Monday, October 25, 2021

  • Phathom Poster Session
    10:30 AM – 4:15 PM
  • Phathom Oral Session
    2:15 PM – 2:25 PM

Tuesday, October 26, 2021

  • Medscape CME symposium sponsored by Phathom
    6:00 AM – 7:00 AM
    Presenters: Drs. William D. Chey, Colin Howden, Shailja Shah
  • Phathom Poster Session
    10:30 AM – 4:15 PM
  • Product Theater sponsored by Phathom
    10:35 AM – 11:30 AM

Phathom will attend ACG 2021 having recently announced positive data from its pivotal Phase 3 PHALCON-EE trial which studied vonoprazan as a treatment option for erosive esophagitis (EE).

Two New Drug Applications (NDAs) for vonoprazan-based regimens for the treatment of H. pylori infection were submitted to the U.S. FDA in September 2021. Based on the positive PHALCON-EE trial, Phathom also plans to submit an NDA to the FDA for the healing of all grades of EE and relief of heartburn, and maintenance of healing of all grades of EE and relief of heartburn by the end of the first half of 2022.

About Vonoprazan
Vonoprazan is an investigational, oral small molecule potassium-competitive acid blocker (P-CAB). P-CABs are a novel class of medicines that block acid secretion in the stomach. Vonoprazan has shown the potential to have rapid, potent, and durable anti-secretory effects as a single agent in the treatment of gastroesophageal reflux disease (GERD) and in combination with antibiotics for the treatment of Helicobacter pylori (H. pylori) infection. The FDA has awarded qualified infectious disease product (QIDP) status and granted Fast Track designation to vonoprazan in combination with both amoxicillin and clarithromycin and with amoxicillin alone for the treatment of H. pylori infection. Phathom submitted NDAs in September 2021 to the FDA for vonoprazan-based regimens for the treatment of H. pylori infection. Phathom in-licensed the U.S., European, and Canadian rights to vonoprazan from Takeda, which completed 19 Phase 3 trials for vonoprazan and received marketing approval in Japan and numerous other countries in Asia and Latin America.

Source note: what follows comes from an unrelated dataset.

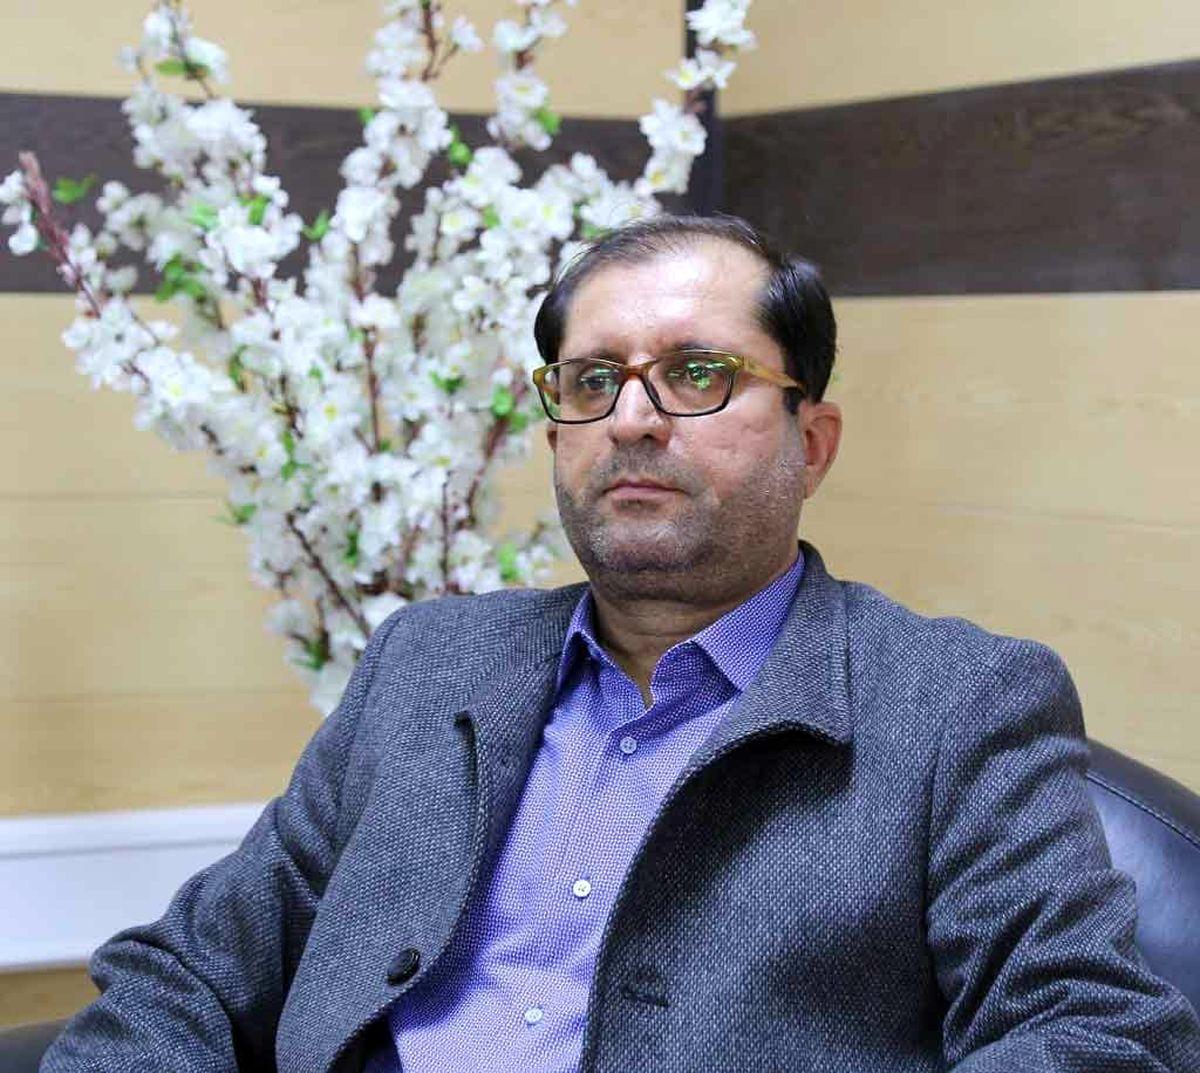 شرکت گاز استان ایلام رتبه برتر سلامت اداری را کسب کرد

About Phathom Pharmaceuticals, Inc.
Phathom Pharmaceuticals is a biopharmaceutical company focused on the development and commercialization of novel treatments for gastrointestinal diseases and disorders. Phathom has in-licensed the exclusive rights in the United States, Europe, and Canada to vonoprazan, a novel potassium competitive acid blocker (P-CAB) in late-stage development for the treatment of acid-related disorders. For more information about Phathom, visit the Company’s website at www.phathompharma.com and follow the Company on LinkedIn and Twitter.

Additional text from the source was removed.